The Art of Asking by Amanda Palmer: Book Review

I hate asking for help. I don't like asking for someone to loan me money. I don't like asking to borrow a vehicle. I don't like bumming a ride. I don't like asking for a shoulder to cry on. I am a chronically independent person.

I think it was kismet that while I was reading this book I was also moving into a new apartment with almost no notice and no money. In the last week I've asked to borrow vehicles, washing machines, time, hugs and muscle power. I've had to ask for more favors than I ever cared to ask for. Luckily, I had Amanda Palmer's love of the world to help me in humbling myself and trusting my amazing family and friends, my personal network, in this process. (By the way, thank you to our friends and family who helped!)            

The Art of Asking
I've been a fan of Amanda Palmer, indie rock star turned author in this memoir/self-help-book/business-guide, since her Dresden Dolls days. I performed as the "Coin-Operated Boy" in a drag show performance of her popular song just months after I turned twenty-one and could legally go to bars. She has inspired me to put my art out there, to be true to who I am and to be okay with exposing my darkest and deepest self to the world in the way an artist must. Many people have discovered her through her endlessly inspirational TED Talk.

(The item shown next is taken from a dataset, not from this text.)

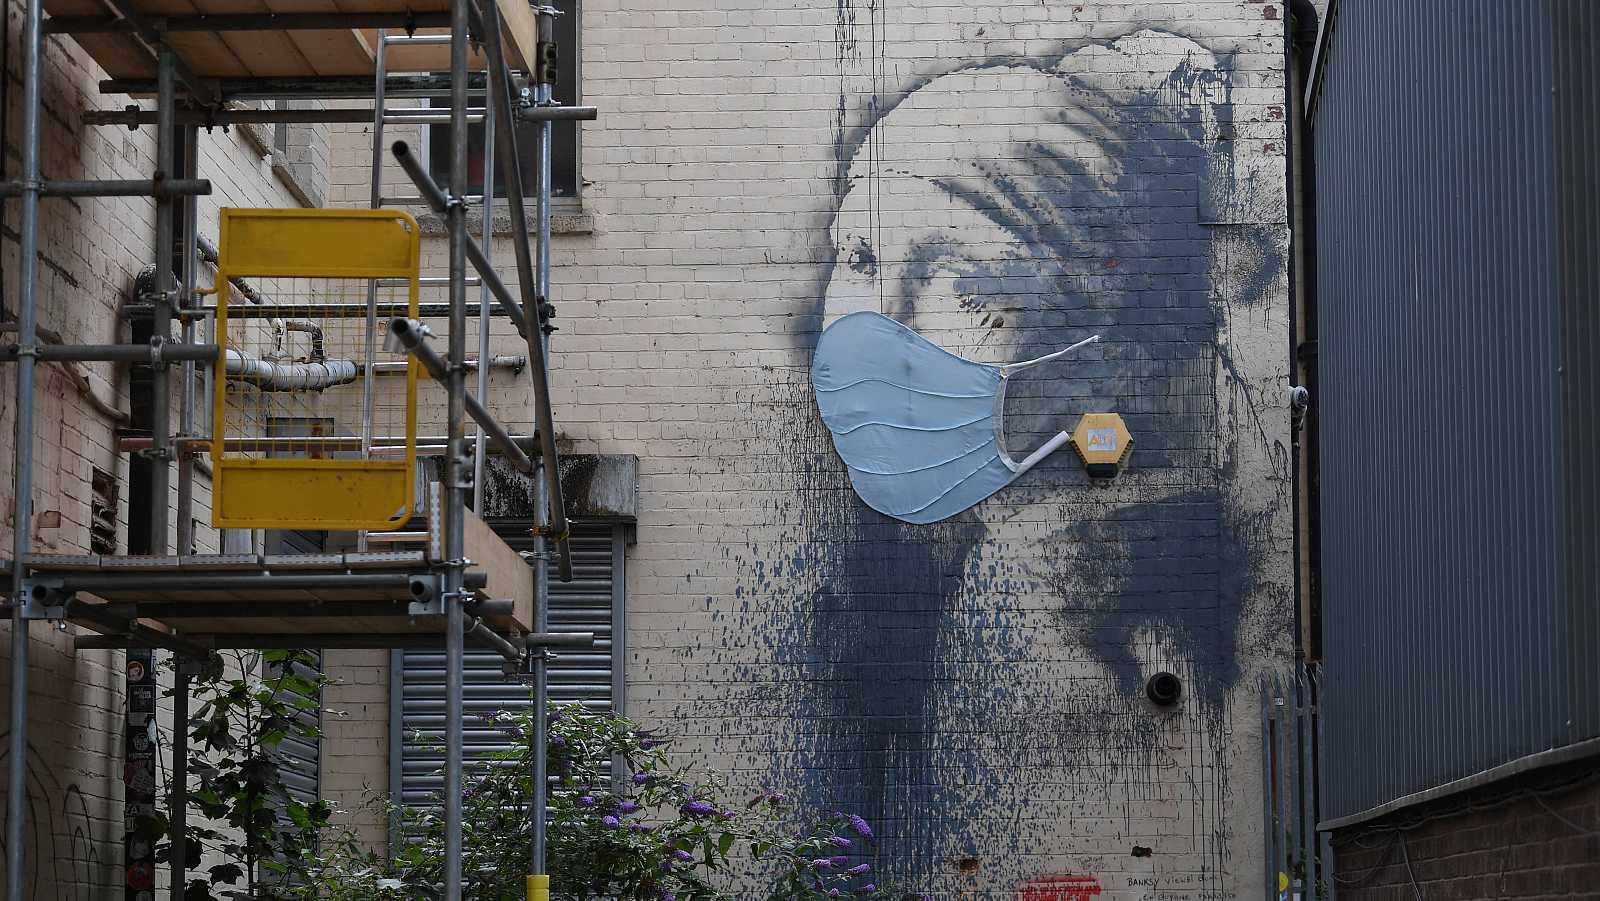 14 horas - 50 obras del artista británico Banksy llegan al Círculo de Bellas Artes de Madrid - Escuchar ahora
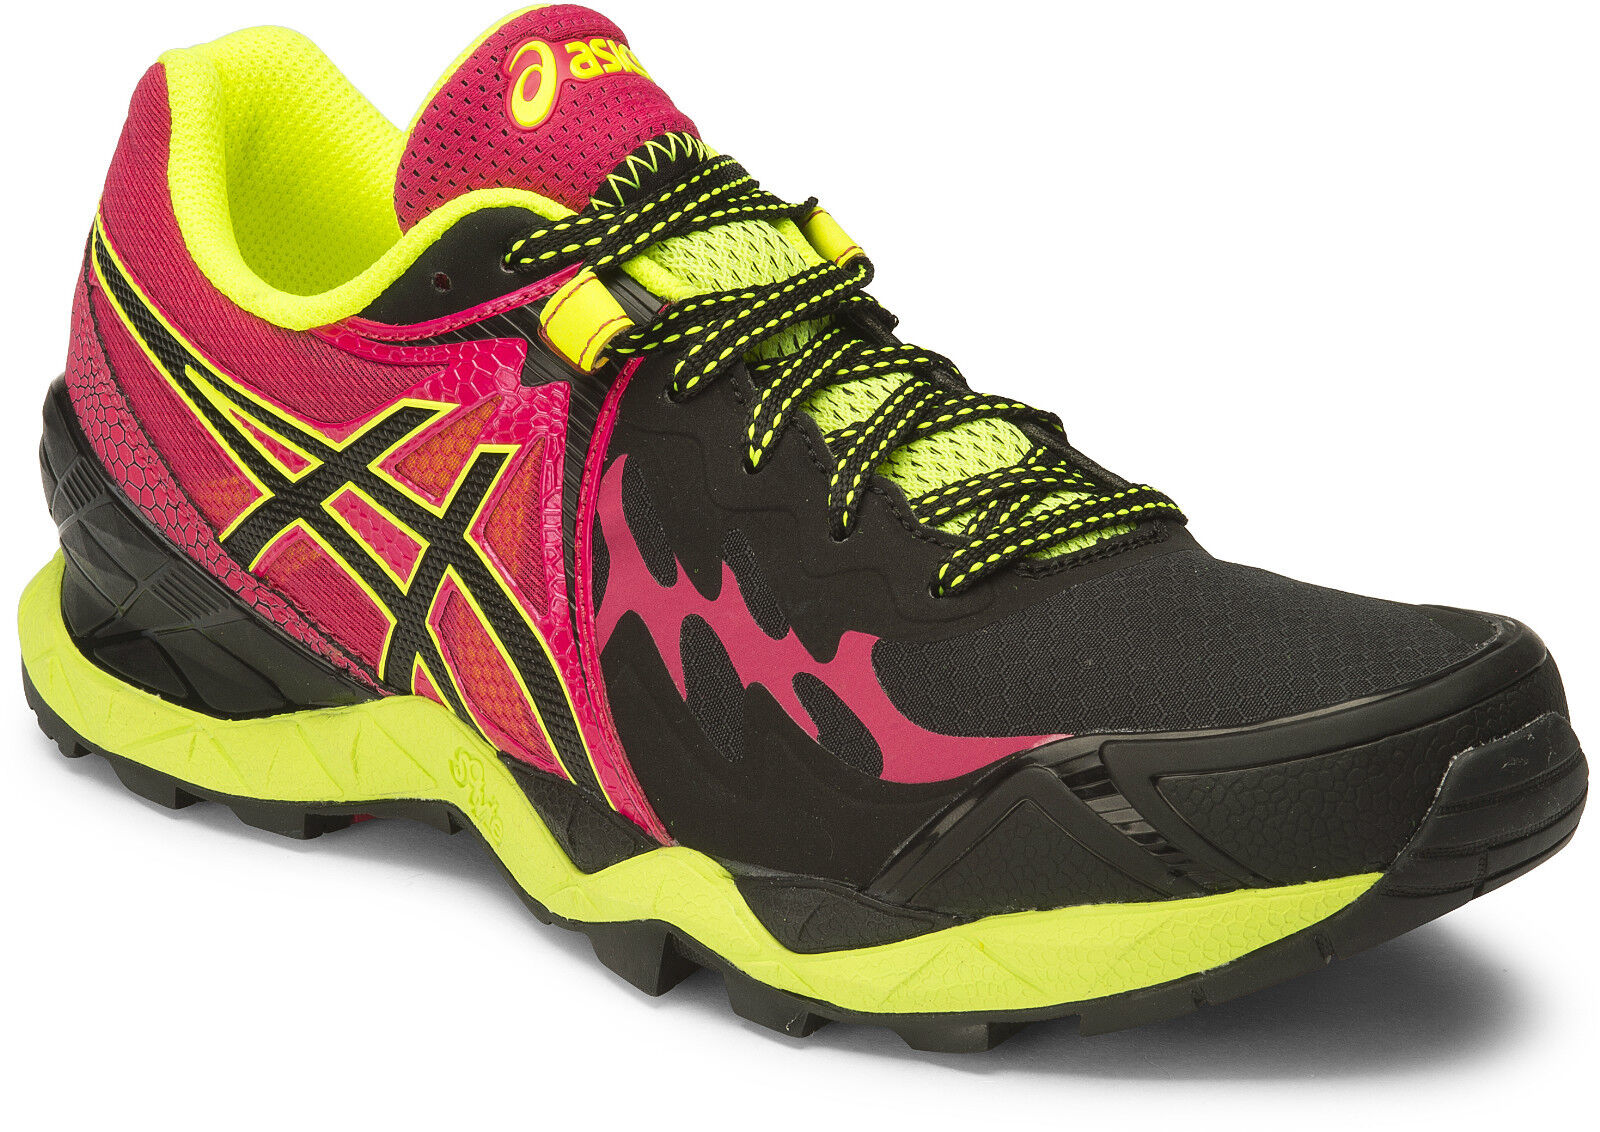 ASICS GEL Fuji Endurance plasmashield Mujer Trail Shoes price reduction mas reducción de precio el mas reduction popular de zapatos para hombres y mujeres 70e406

Amanda Palmer loves. She has an ongoing love affair with her fans, her husband, the world itself. She loves people. She loves life, even when she hates it. She loves the entire human family. And her love of the human family, the things we are capable of and the things we sometimes fail at, seeps out of every line of this book. This book will make you want to trust, want to love, want to feel comfortable relying on people, even in moments when you are making yourself incredibly vulnerable.

Palmer details her controversial experiences with media and social media. She describes some of her big mistakes in life, and some incredibly difficult positions she's been put in. But throughout the whole thing she is telling a story about how to rewrite our relationship with artists, and our relationships with fan if we are artists. She is allowing us, as a society, to entertain the idea of returning to embracing our artists, welcoming them back into the arms of society and off the pedestal, off the red carpet and from behind the velvet rope. She is telling a story about embracing the Indie artist as valid and real without a label or publishing house or art review telling us they are valid and real. She is telling artists to rely on their fans to help them, financially, emotionally and in building a rewarding career. To build a rewarding network of fans and followers that can catch the artist when she falls and boost her up when she succeeds.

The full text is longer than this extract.